Dosing and administration
DOSAGE AND ADMINISTRATION One to two drops of IOPIDINE® (apraclonidine ophthalmic solution) 0.5% should be instilled in the affected eye(s) three times daily. Since IOPIDINE® (apraclonidine ophthalmic solution) 0.5% will be used with other ocular glaucoma therapies, an approximate 5 minute interval between instillation of each medication should be practiced to prevent washout of the previous dose. NOT FOR INJECTION INTO THE EYE. NOT FOR ORAL INGESTION.

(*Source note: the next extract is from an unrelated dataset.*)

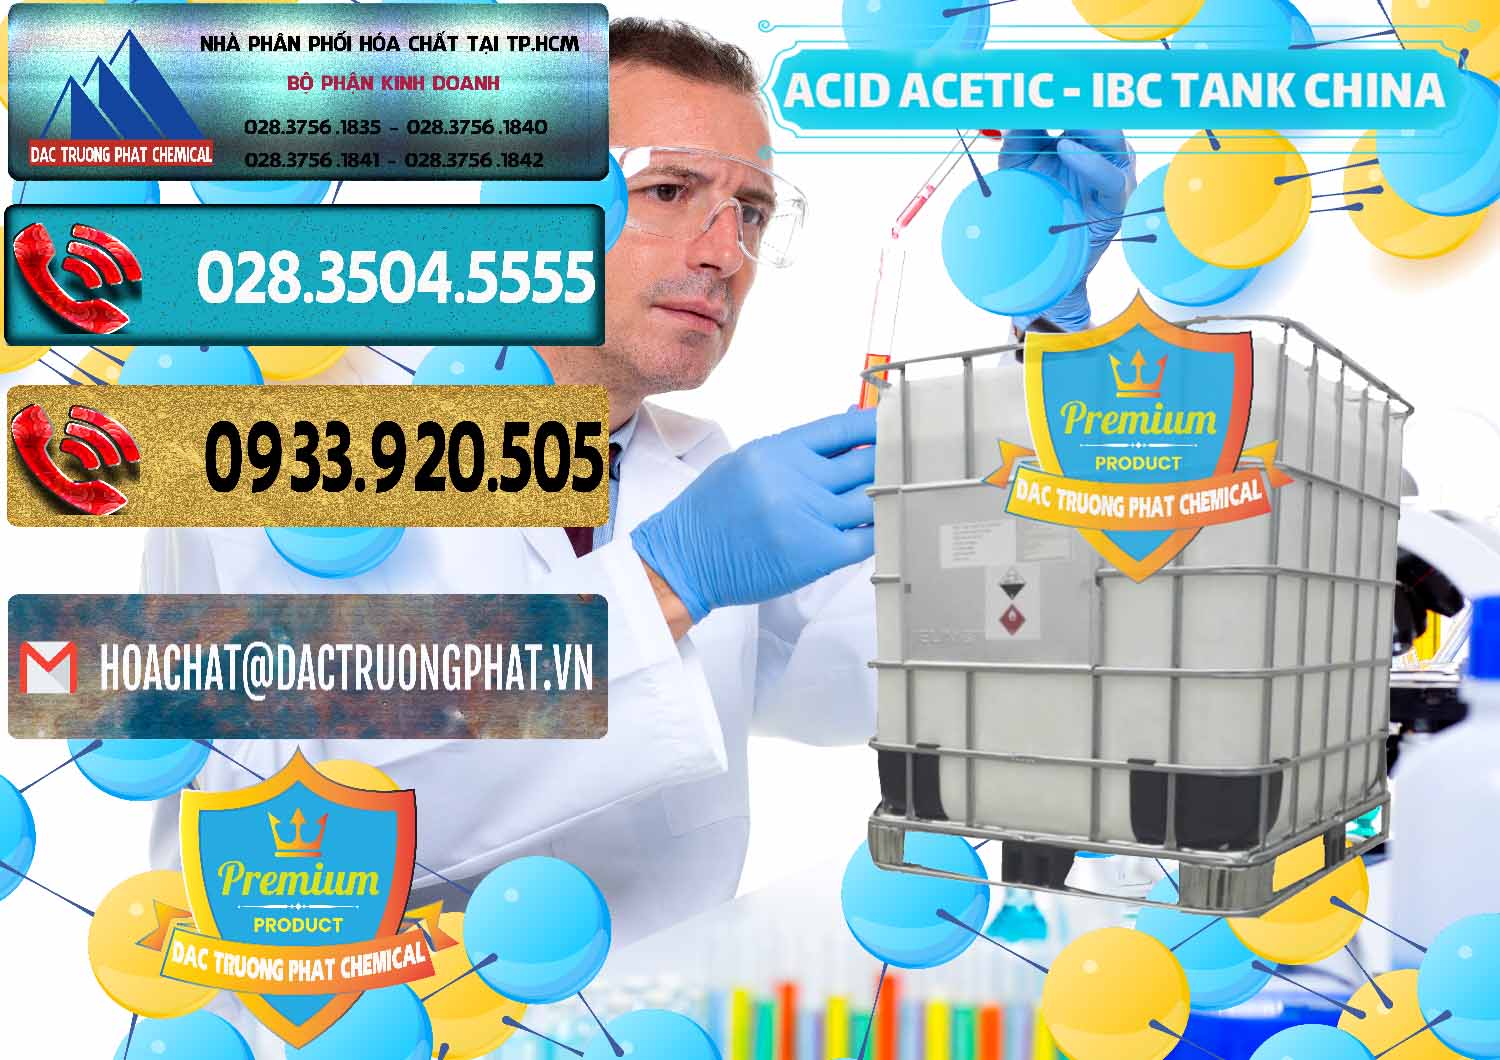 Cty chuyên bán _ cung ứng Acetic Acid – Axit Acetic Tank Bồn IBC Trung Quốc China - 0443 - Cung cấp - phân phối hóa chất tại TP.HCM - hoachatdetnhuom.com

Drug Interactions Apraclonidine should not be used in patients receiving MAO inhibitors (see CONTRAINDICATIONS). Although no specific drug interactions with topical glaucoma drugs or systemic medications were identified in clinical studies of IOPIDINE® (apraclonidine ophthalmic solution) 0.5%, the possibility of an additive or potentiating effect with CNS depressants (alcohol, barbiturates, opiates, sedatives, anesthetics) should be considered. Tricyclic antidepressants have been reported to blunt the hypotensive effect of systemic clonidine. It is not known whether the concurrent use of these agents with apraclonidine can lead to a reduction in IOP lowering effect. No data on the level of circulating catecholamines after apraclonidine withdrawal are available. Caution, however, is advised in patients taking tricyclic antidepressants which can affect the metabolism and uptake of circulating amines. An additive hypotensive effect has been reported with the combination of systemic clonidine and neuroleptic therapy. Systemic clonidine may inhibit the production of catecholamines in response to insulin-induced hypoglycemia and mask the signs and symptoms of hypoglycemia. Since apraclonidine may reduce pulse and blood pressure, caution in using drugs such as beta-blockers (ophthalmic and systemic), antihypertensives, and cardiac glycosides is advised. Patients using cardiovascular drugs concurrently with IOPIDINE® (apraclonidine ophthalmic solution) 0.5% should have pulse and blood pressures frequently monitored. Caution should be exercised with simultaneous use of clonidine and other similar pharmacologic agents.

More information

Category Value
Authorisation number NDA020258
Agency product number D2VW67N38H
Orphan designation No
Product NDC 0065-0665
Date Last Revised 01-06-2018
RXCUI 108896
Marketing authorisation holder Alcon Laboratories, Inc.